Tara wächst in einer ländlichen Umgebung auf. Ihre drei
ältesten Brüder haben einige Jahre die Schule besucht, doch dann haben die
Eltern beschlossen, ihre Kinder selbst zu unterrichten. Es gibt keine
festgelegten Lehrstunden, oft lernen die Kinder ganz nebenher durch Erklären
von Alltäglichem und näherem Betrachten von Bekanntem und Unbekanntem. Taras
Vater Gene betreibt einen Schrotthandel und schon früh wird sie zur Mitarbeit
aufgefordert. Auch ihrer Mutter Faye ist sie behilflich im Haushalt und bei der
Herstellung verschiedener Kräuterheilmittel. Im Laufe der Jahre passieren
mehrere schwere Unfälle in die mindestens eins der Familienmitglieder
involviert ist. Doch ein Arztbesuch ist kostspielig und Gene setzt auf die
Vorsehung zur Heilung und Naturheilstoffe. Der Vater steigert sich in einige
religiöse Ansichten hinein und dringt auf deren Einhaltung, notfalls auch mit
Gewalt. Faye stellt sein Verhalten nicht in Frage. Erst viel später erfährt
sie, dass Gene eine psychische Erkrankung hat.
Tara Westover setzt sich in ihrer Biografie kritisch mit
ihrer Vergangenheit auseinander. Sie beschönigt nichts. Als Kind blieb ihr viel
Raum, ihre Umwelt auf eigene Faust zu entdecken. Bis auf Anstandsregeln, die
hauptsächlich ihre Kleidung betrafen, und religiösen Wertvorstellungen waren
ihr kaum Grenzen gesetzt. Doch sie hat auch gelernt, dass jedes
Familienmitglied so früh wie möglich dabei helfen muss, die Existenz zu
sichern. Aus ihrer Sicht als erwachsene Frau, versucht sie die Handlungen ihrer
Eltern zu verstehen, denn allein mit einer fundamentalistischen
Glaubenseinstellung sind nicht alle Entscheidungen von ihnen zu begreifen.

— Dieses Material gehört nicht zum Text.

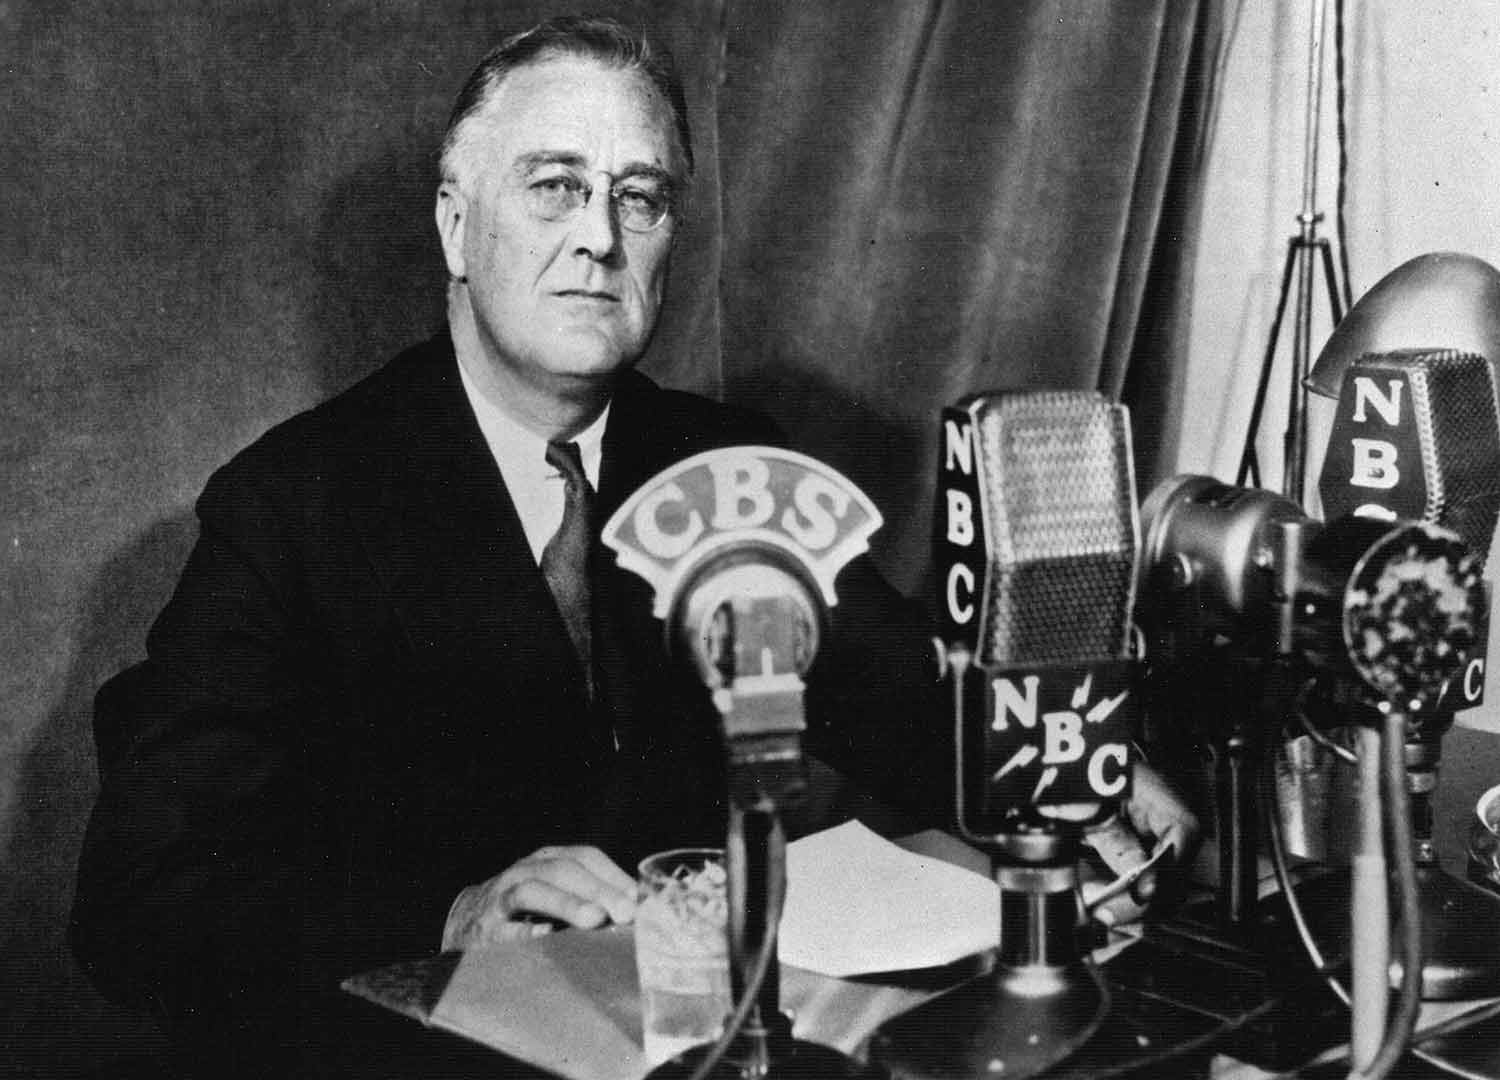 Franklin D. Roosevelt sits in front of radio microphones and looks at the camera.

Gerade auch die Gewalt, die einer ihrer Brüder ihr gegenüber ohne das
Einschreiten von Vater oder Mutter zeigt, bleibt unfassbar. Und dennoch fällt
ihr die Ablösung vom Elternhaus schwer, denn hier reicht ihr Wissen für Haushalt,
Kräuterherstellung und die Arbeit auf dem väterlichen Schrottplatz ohne sich
mit anderen messen zu müssen. Die Gewohnheit gibt ihr auf eine gewisse Art
Sicherheit. Und sich von der Liebe ihrer Eltern zu lösen, die doch da ist, aber
sich nicht in der den meisten bekannten Weise äußert, fällt der Autorin schwer.
Überhaupt war es für mich als Leserin nicht immer einfach, die Handlungen und
Ansichten der Familienmitglieder nachzuvollziehen.
Ohne Groll blickt Tara Westover auf die vergangenen Jahre
zurück. Sie definiert nicht nur die Schattenseiten, sondern teilt mit ihren
Lesern viele glückliche Momente, die sie in einer gefühlvollen,
ausdrucksstarken Sprache erzählt. Sie sucht den Kontakt zu Personen außerhalb
der Familie und mit deren Hilfe und der Unterstützung ihrer Brüder öffnet sich
ihr Blick und weitet sich ihr Verstand. Ihre Neugier auf das Leben außerhalb
der Familie wächst und mit ihrer Persönlichkeit macht sie auf sich aufmerksam
und nimmt immer mehr Personen für sich ein. Das gibt ihr Kraft und Stärke und
ihre Unsicherheit verliert sich zunehmend. Für mich war es beruhigend, darüber
zu lesen.
Tara Westovers Autobiographie ist beeindruckend. Entspräche
ihre Geschichte nicht den Tatsachen hätte ich an einigen Stellen innegehalten
und die Fiktion für unrealistisch erklärt. Die Schilderungen der Autorin sind
intensiv und bewegend. Der Lebensweg der Autorin ist lesenswert und wird mir
noch lange in Erinnerung bleiben.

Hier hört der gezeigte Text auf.